Rules of Civil Procedure which reads:

"Death of party; duty of counsel. Whenever a party to a pending action dies, and
the claim is not thereby extinguished, it shall be the duty of his counsel to inform the
court within thirty (30) days after such death of the fact thereof, and to give the
name and address of his legal representative or representatives. Failure of counsel
to comply with this duty shall be a ground for disciplinary action.

The heirs of the deceased may be allowed to be substituted for the deceased,
without requiring the appointment of an executor or administrator and the court may
appoint a guardian ad litem for the minor heirs.

The court shall forthwith order said legal representative or representatives to appear
and be substituted within a period of thirty (30) days from notice.

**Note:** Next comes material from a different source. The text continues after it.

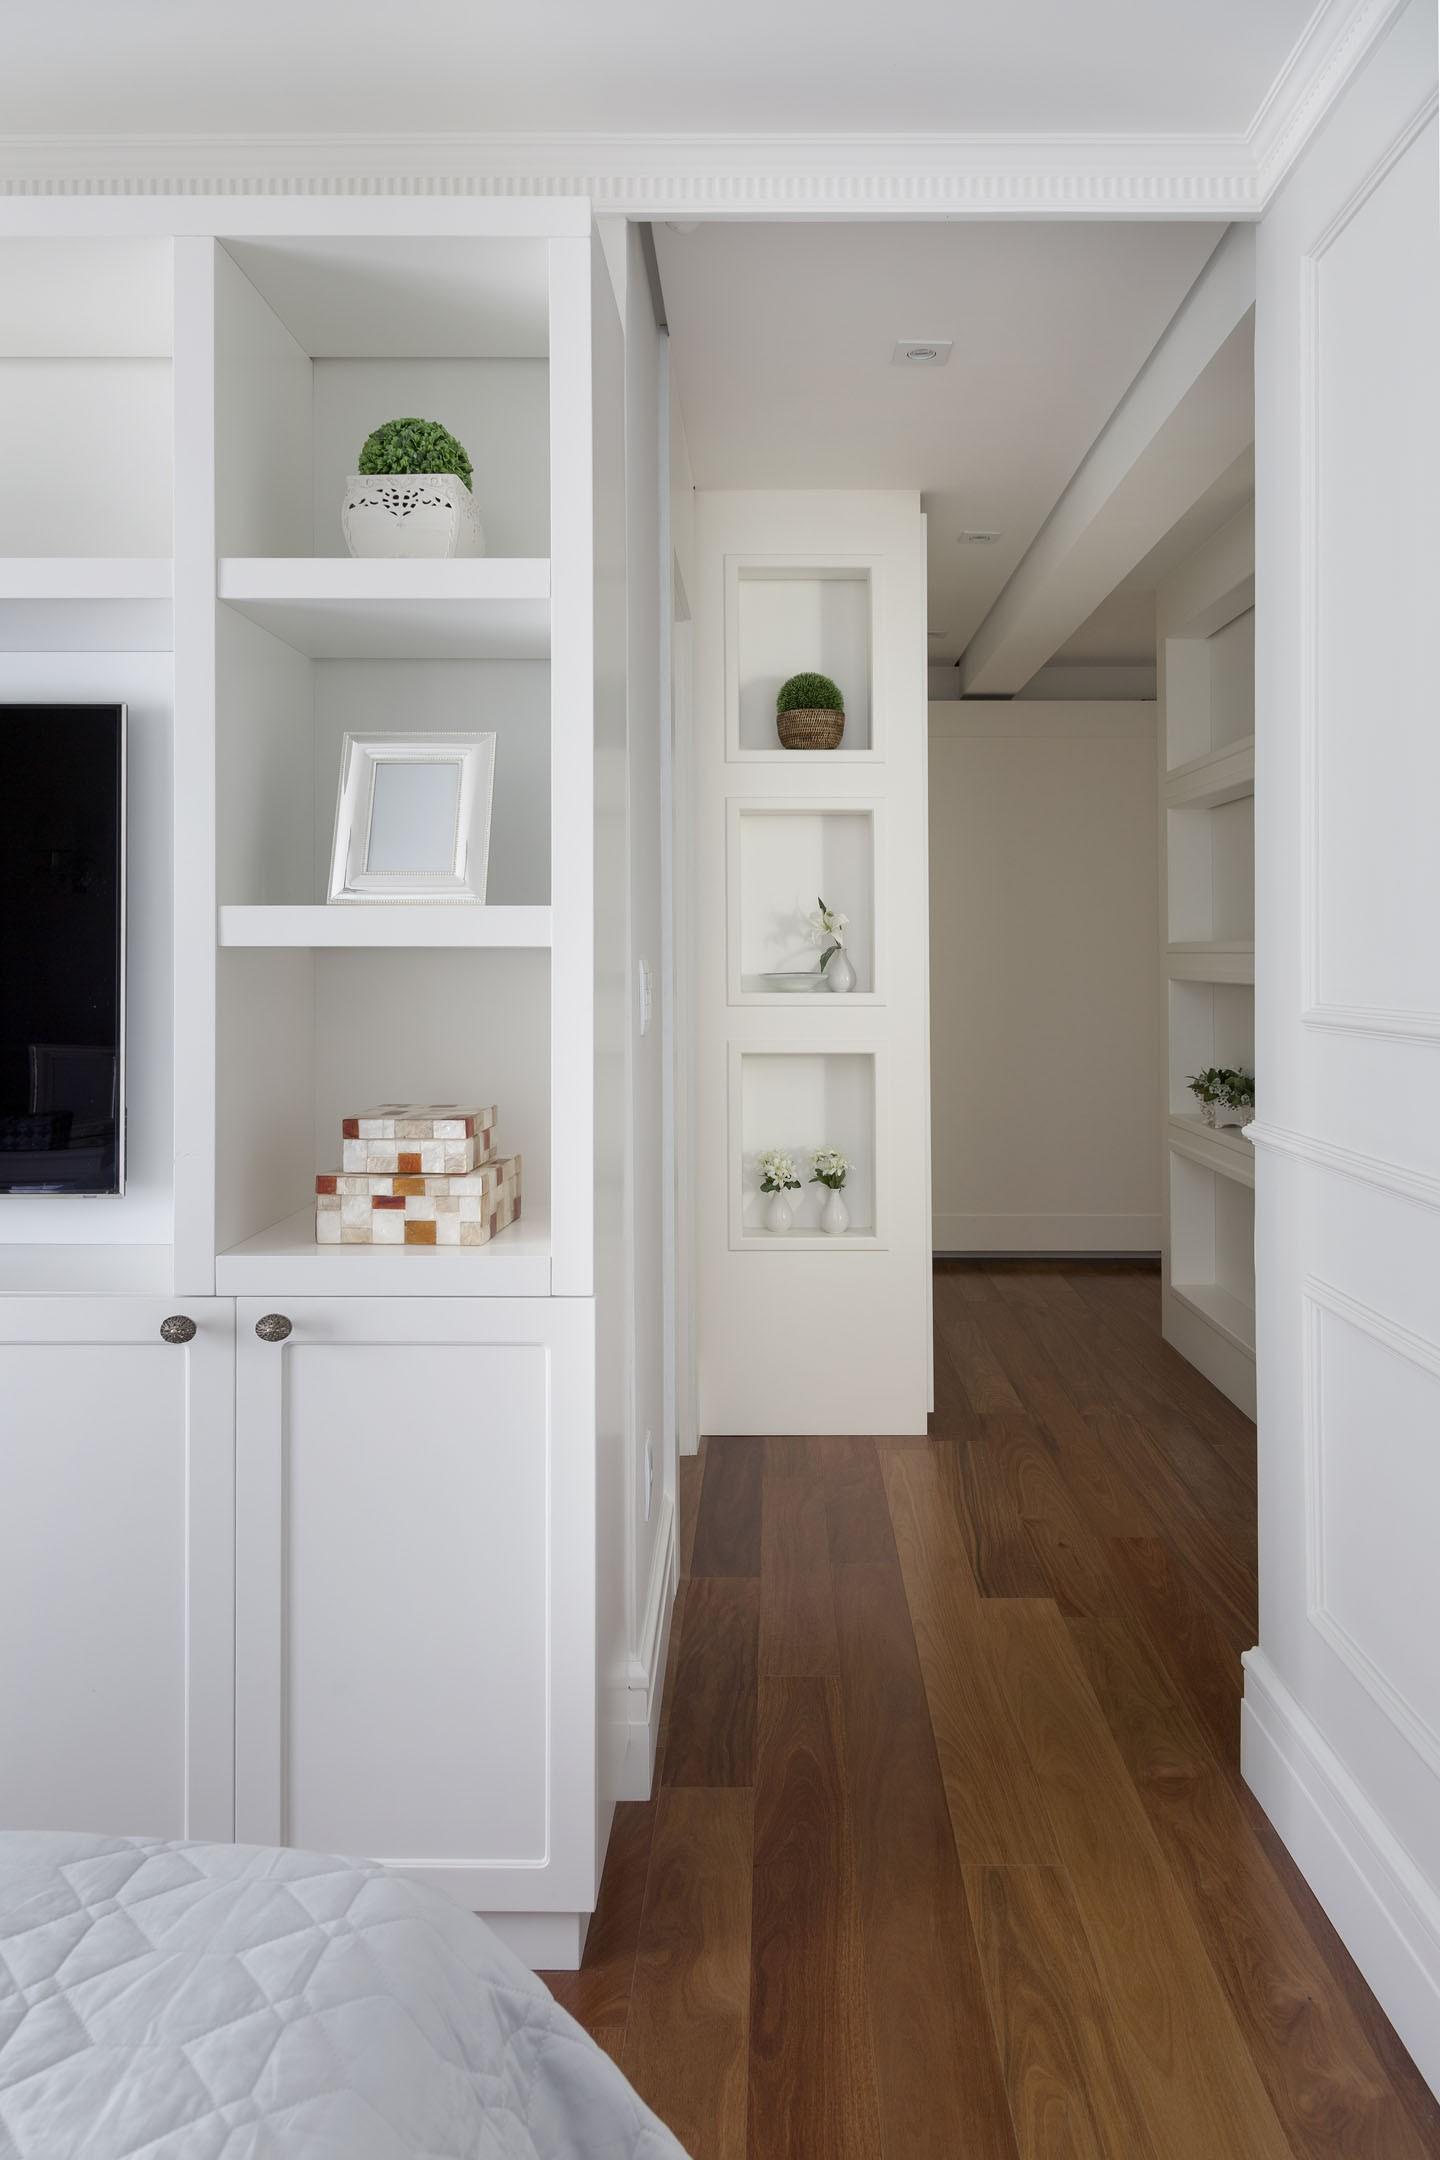 Quarto com armário branco e piso de madeira.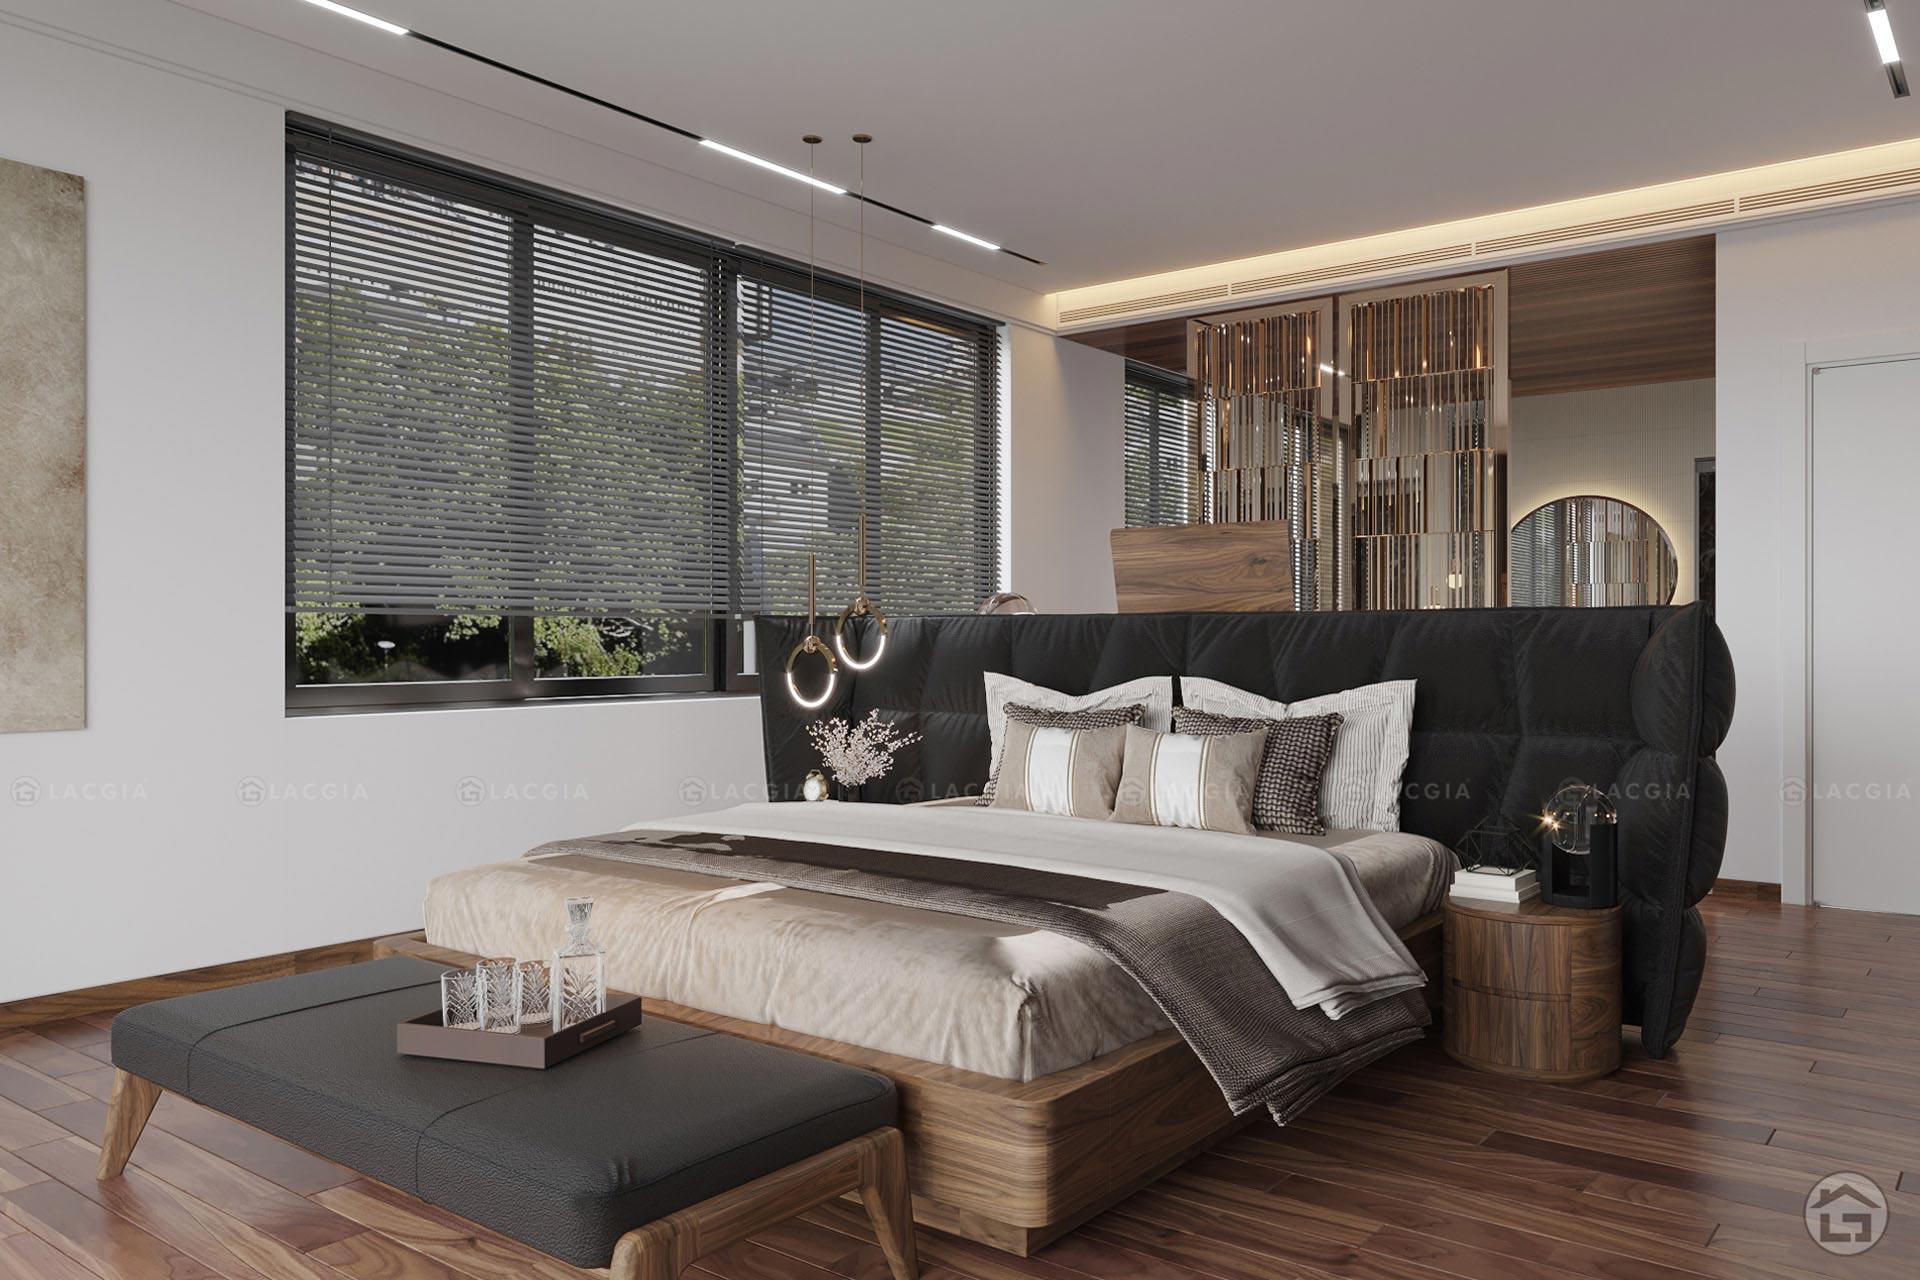 giuong ngu go tu nhien gn22 1 - Giường ngủ gỗ tự nhiên GN22

If no legal representative is named by the counsel for the deceased party, or if the
one so named shall fail to appear within the specified period, the court may order
the opposing party, within a specified time, to procure the appointment of an
executor or administrator for the estate of the deceased and the latter shall
immediately appear for and on behalf of the deceased. The court charges in
procuring such appointment, if defrayed by the opposing party, may be recovered as
costs."

17
Aguas v. Llemos, 5 SCRA 959 (1962).

18
Vda. de Dela Cruz v. Court of Appeals, 88 SCRA 695 (1979) citing Caseas v. Rosales,
19 SCRA 462 (1967), Caisip, et al. v. Hon. Cabangon & Pineda, 109 Phil. 150 (1960)
and Bonilla v. Barcena, 71 SCRA 491 (1976).

19
Vda. de Salazar v. Court of Appeals, 250 SCRA 305 (1995).

20
Ibid.

21
Ferreria, et al. v. Vda. de Gonzales, et al., 104 Phil. 143 (1958).

22
Ibid.

23
Supra, see note 19.

24
Riviera Filipina, Inc. v. Court of Appeals, G.R. No. 117355, April 5, 2002.

25
TSN, February 3, 1989, pp. 1-2.

26
Supra, see note 21.

27
Records of Civil Case No. L-006, p. 162.

28
Section 7, Rule 3 of the 1997 Rules of Civil Procedure.